▸ How to complete this task
Output every line of the material exactly, omitting images.

▸ Dataset excerpt
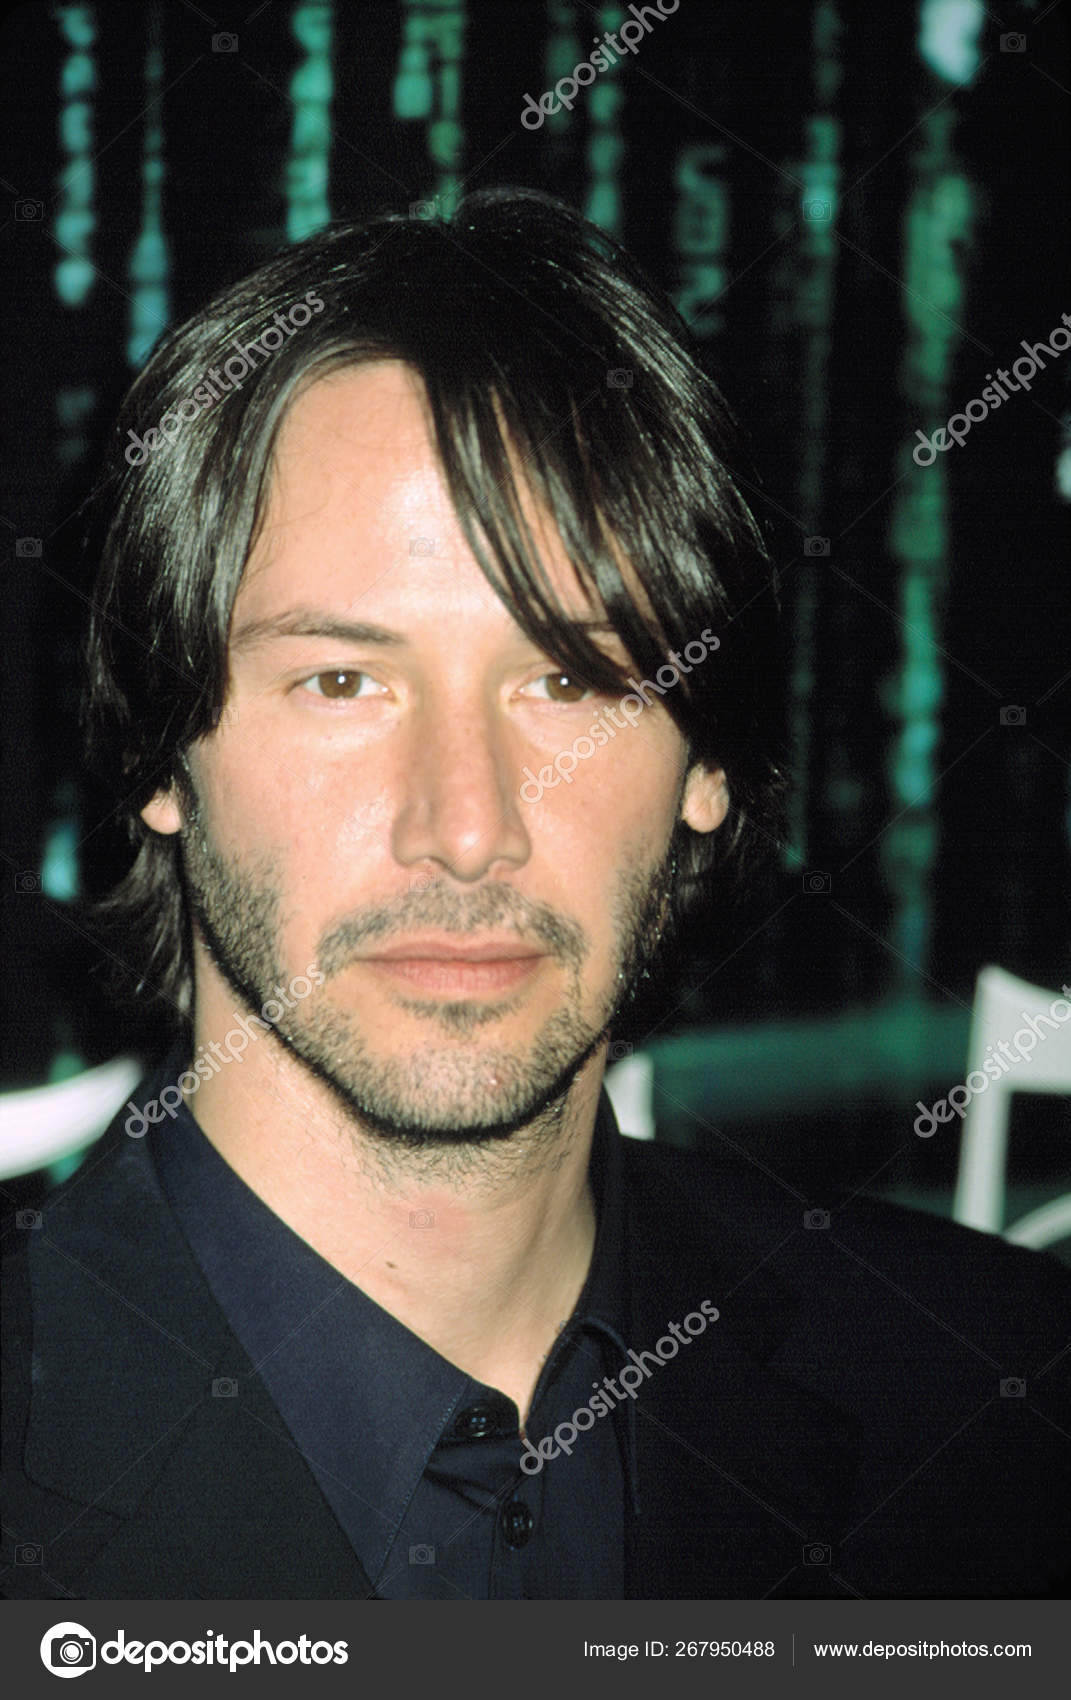 Keanu Reeves has a buzzcut for 'The Matrix 4'
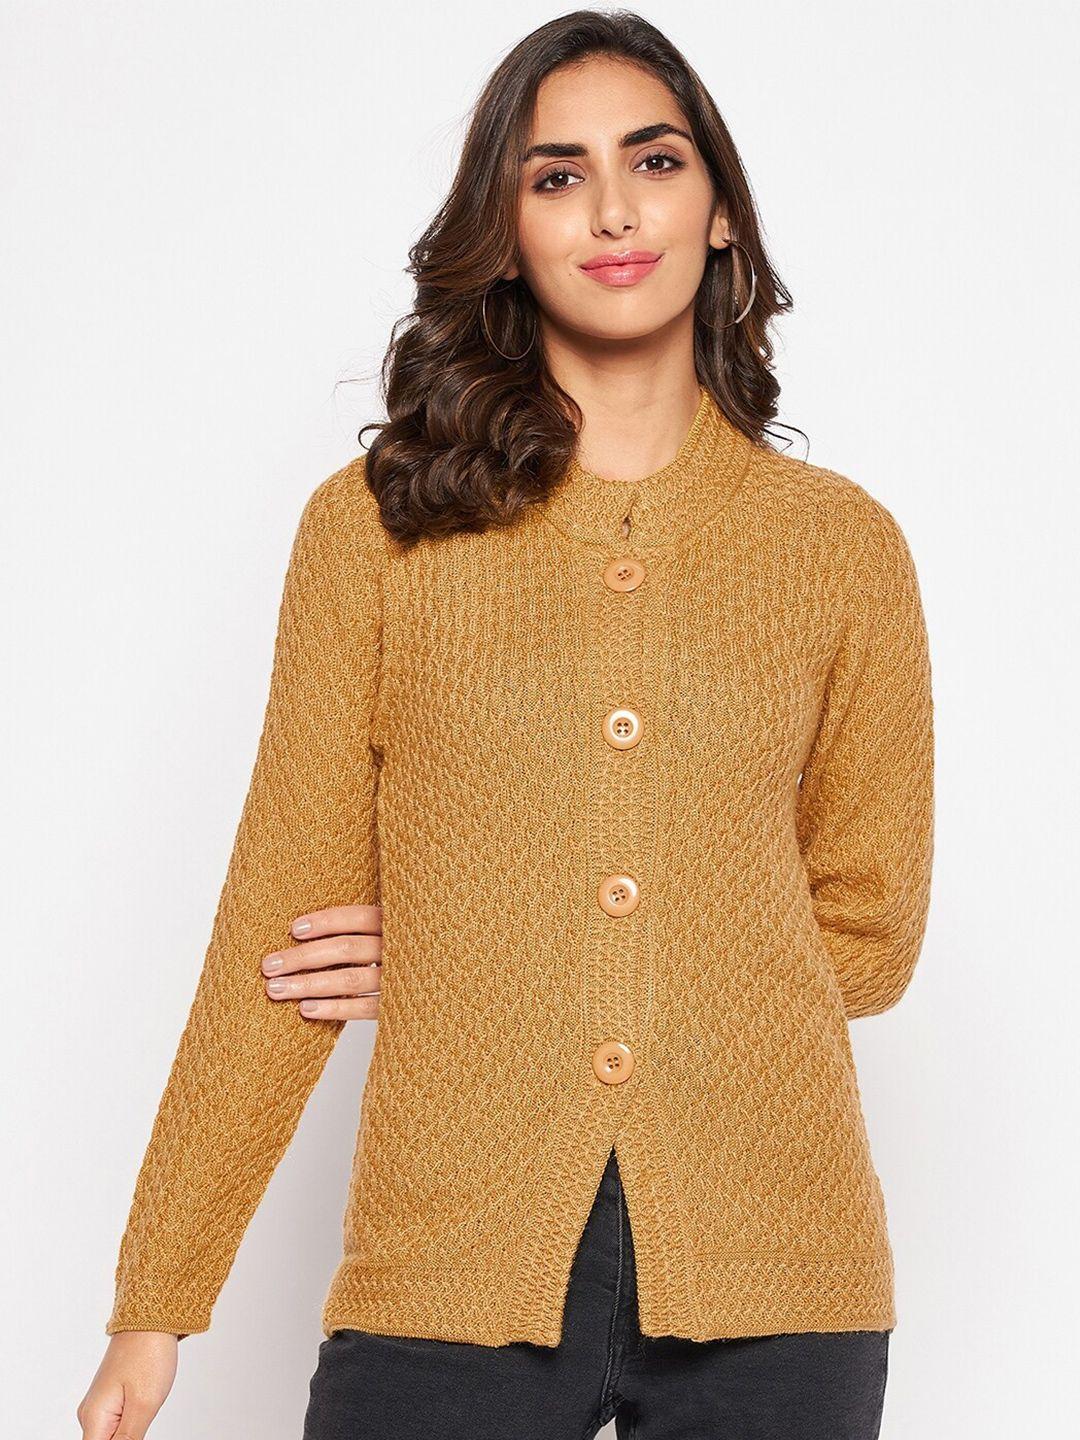 cantabil-women-mustard-cable-knit-cotton-cardigan
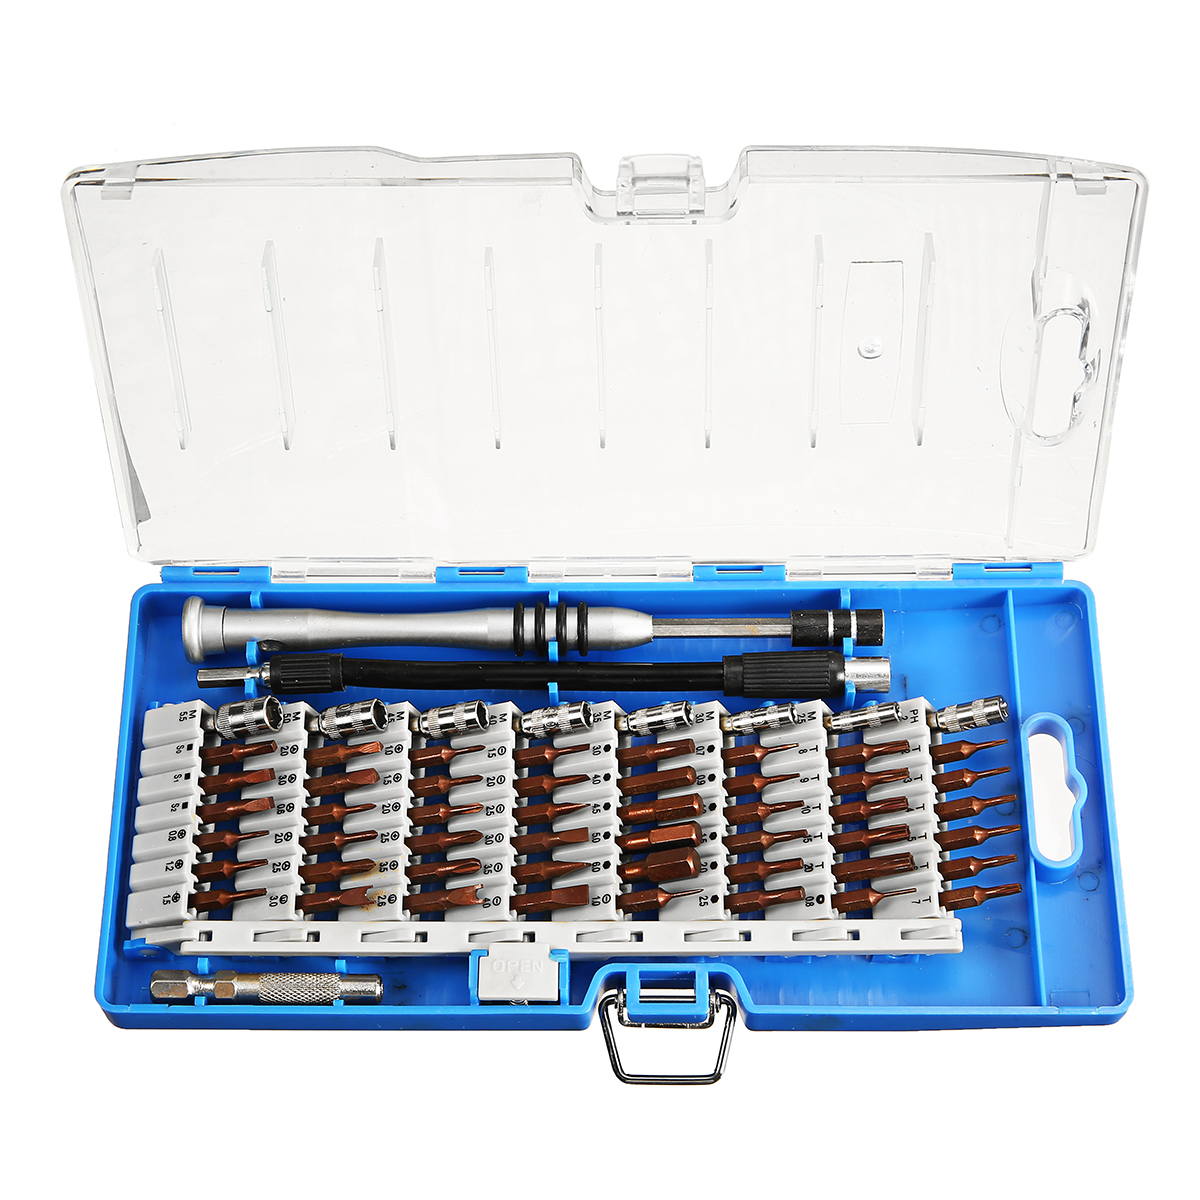 60-in-1-Precision-Screwdrivers-Set-S2-Alloy-Steel-Magnetic-Bits-Professional-Electronics-Repair-Tool-1506765-5
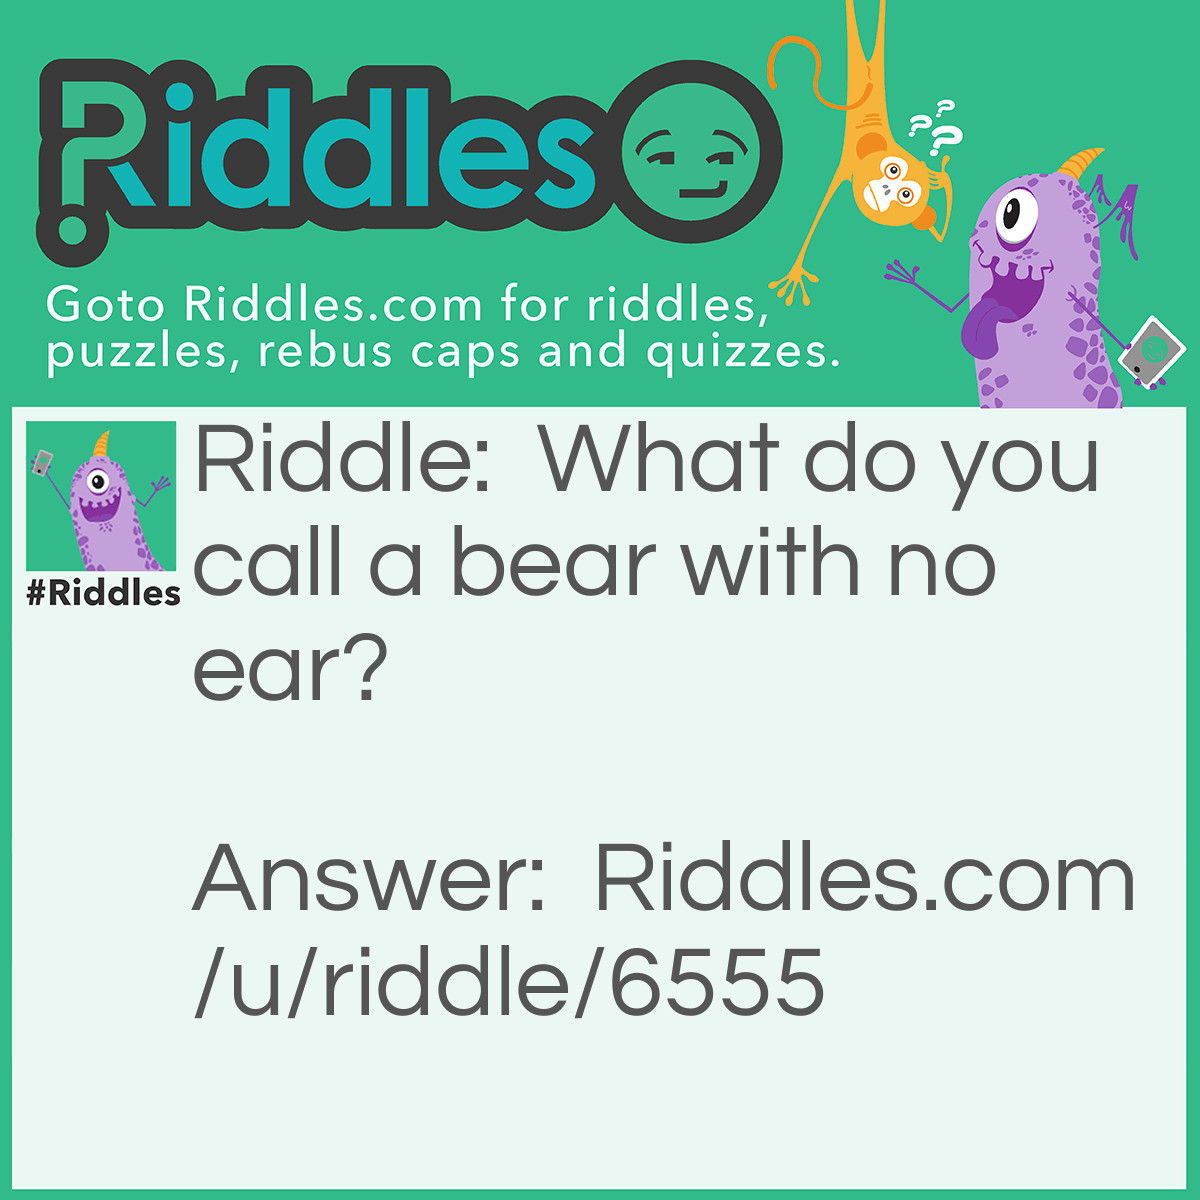 Riddle: What do you call a bear with no ear? Answer: A b!

▸ Result below
 Keanu Reeves has a buzzcut for 'The Matrix 4'
 cantabil-women-mustard-cable-knit-cotton-cardigan
 60-in-1-Precision-Screwdrivers-Set-S2-Alloy-Steel-Magnetic-Bits-Professional-Electronics-Repair-Tool-1506765-5
 Riddle: What do you call a bear with no ear? Answer: A b!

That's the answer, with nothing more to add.